WORK ITEM: For the copy, please give all of the data again exactly and leave the pictures out.

DATA EXCERPT:
______________________________

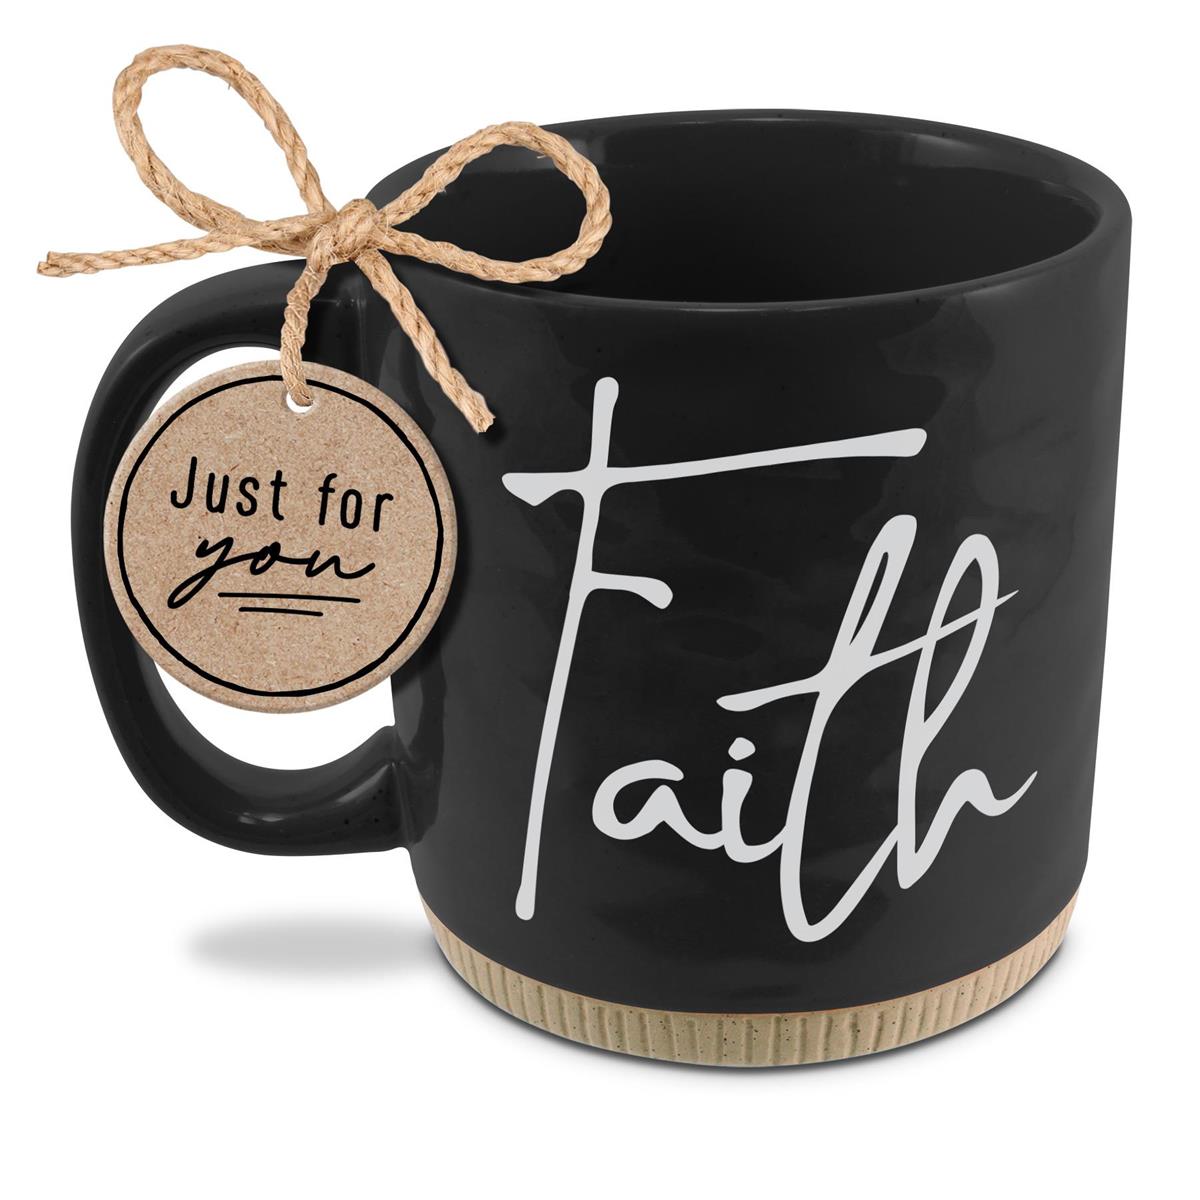 Faith Trust in the Lord Mug
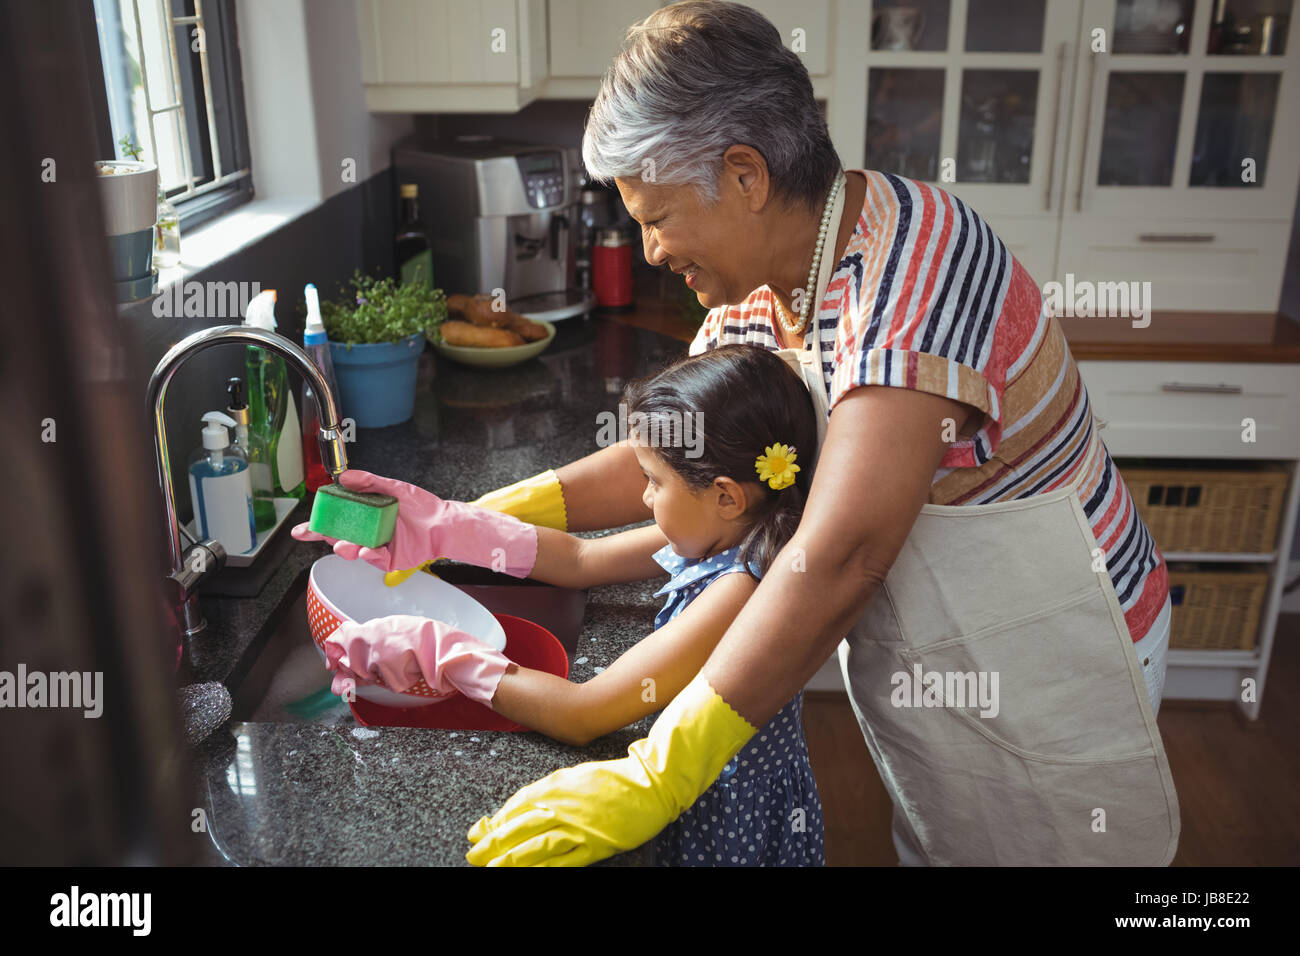 Мама моет бабушку. Помогаю бабушке мыть посуду. Помогает бабушке. Внучка моет посуду бабушке. Бабушка моется.
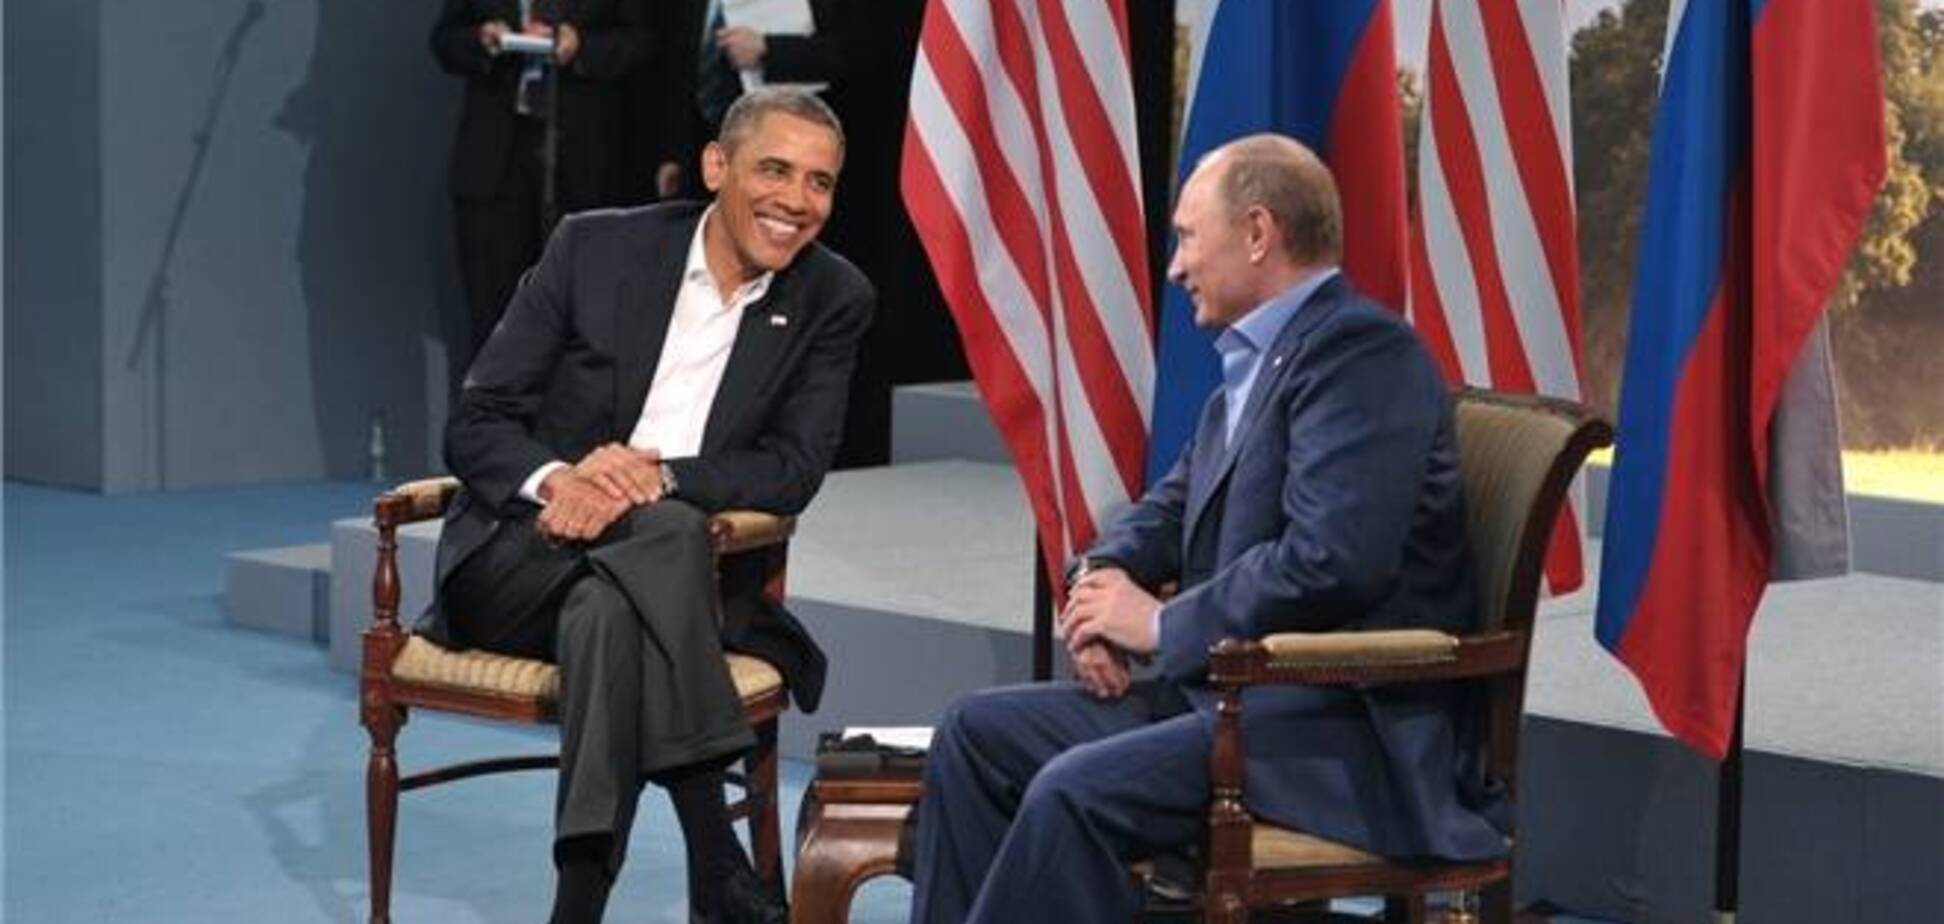 Обама остановил отношения с РФ на негативной ноте - депутат Госдумы

______________________________

ANSWER FOR THE TASK:
 Faith Trust in the Lord Mug
 Мама моет бабушку. Помогаю бабушке мыть посуду. Помогает бабушке. Внучка моет посуду бабушке. Бабушка моется.
 Обама остановил отношения с РФ на негативной ноте - депутат Госдумы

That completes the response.